- _Task details_
As output, give the exact lines from the one containing "Flashcards de İnsanlar" through the end of the listing below, both included, without the pictures.

- _Provided material_
----------
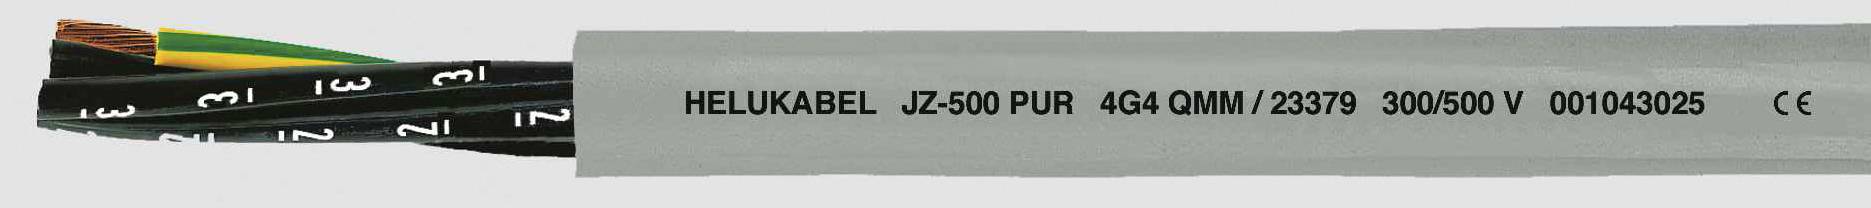 HELUKABEL JZ-500 PUR Steuerleitung 4 G 1 mm² Grau 23347 100 m
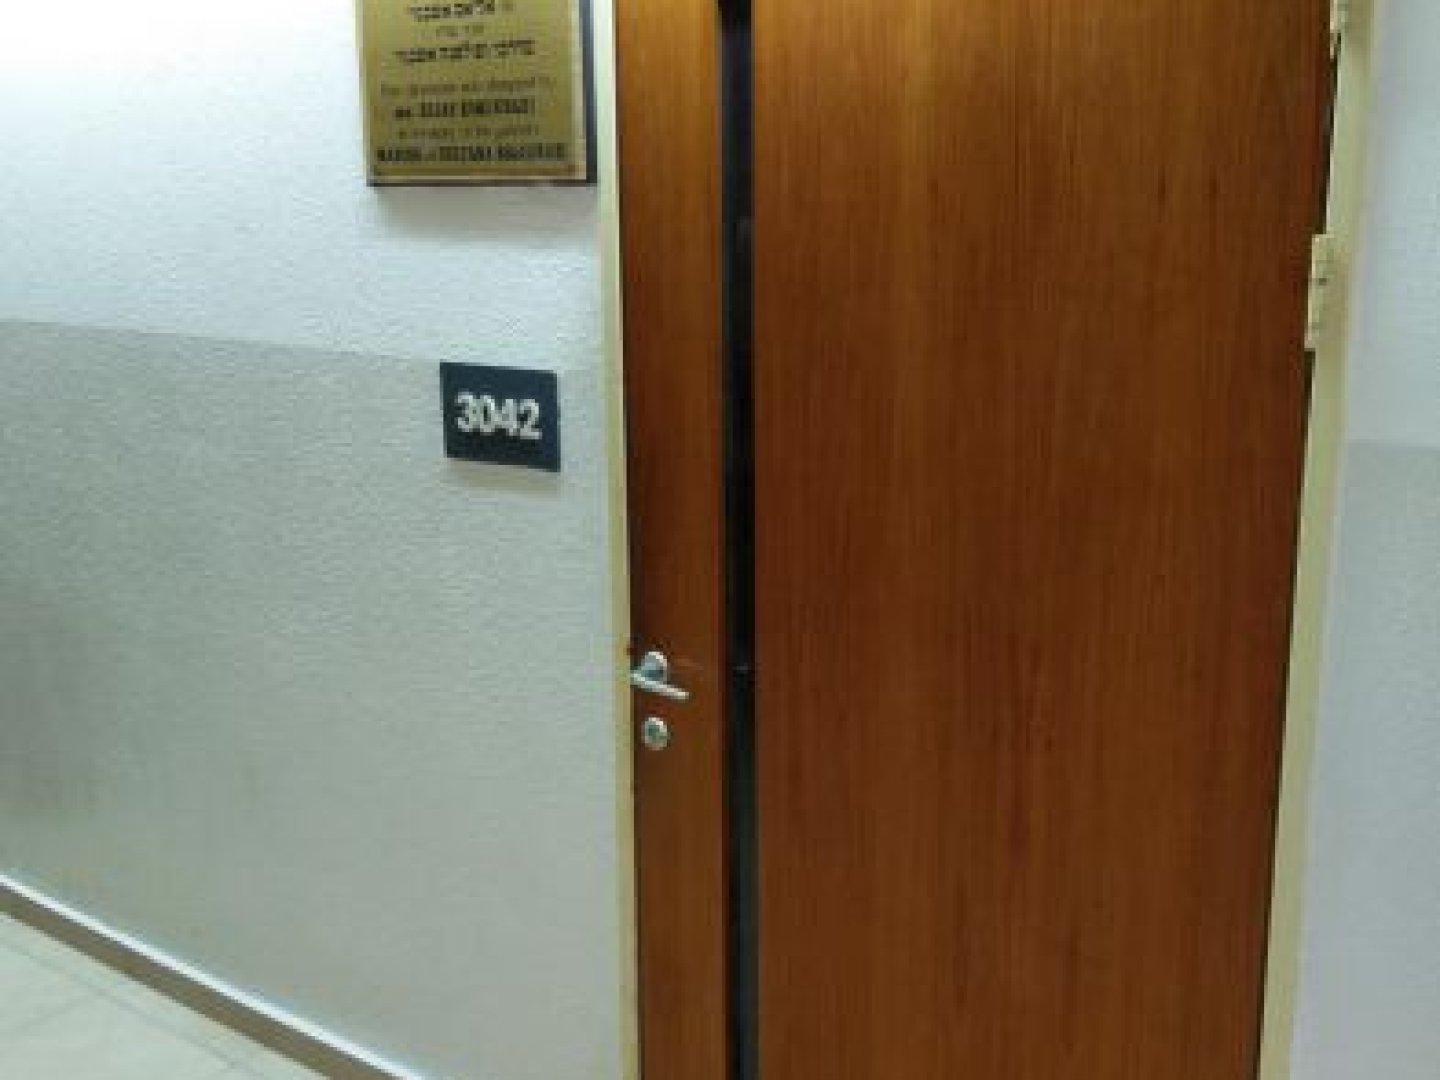 אוניברסיטת חיפה - בניין המדרגה - חדר 3042 - תמונה 1
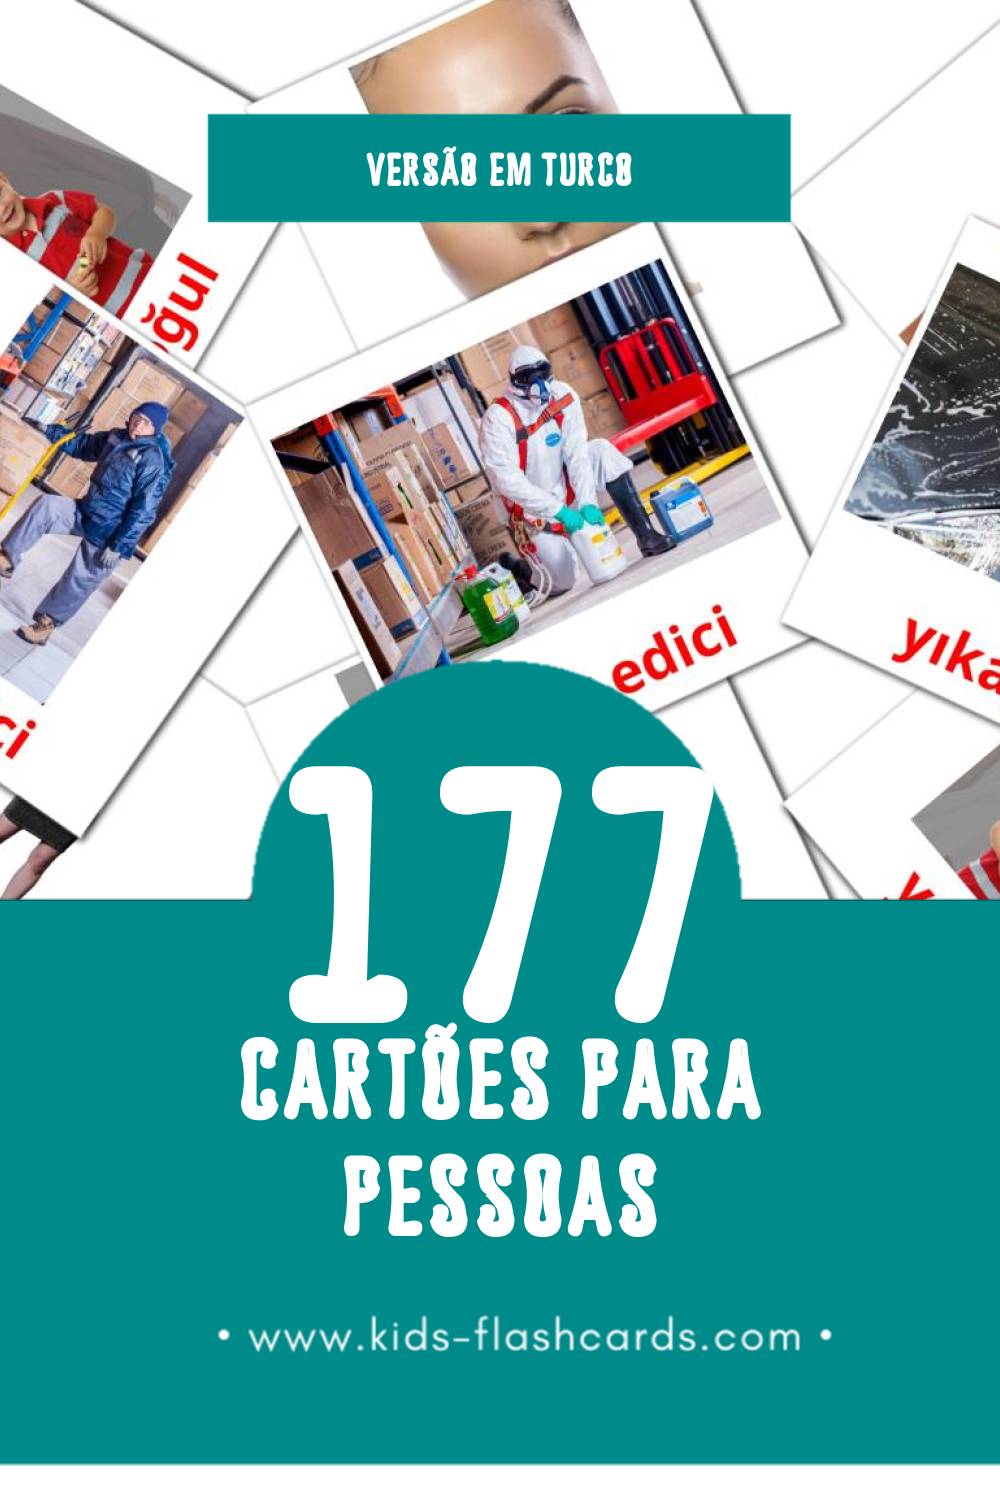 Flashcards de İnsanlar Visuais para Toddlers (177 cartões em Turco)
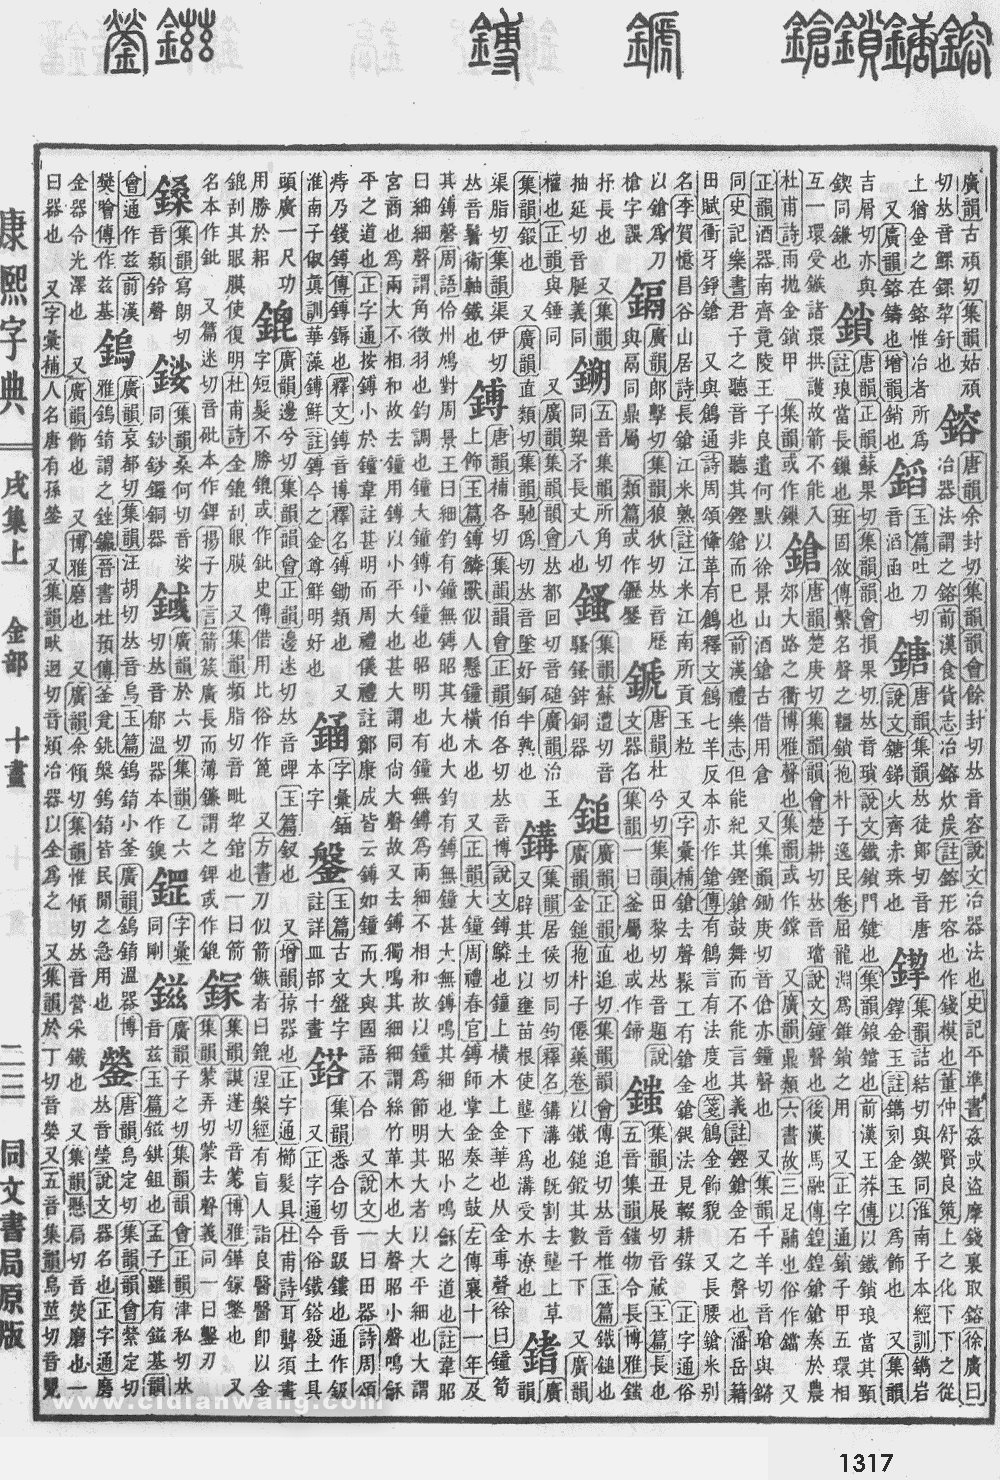 康熙字典掃描版第1317頁
----------
- _Answer box_
 Flashcards de İnsanlar Visuais para Toddlers (177 cartões em Turco)
 康熙字典掃描版第1317頁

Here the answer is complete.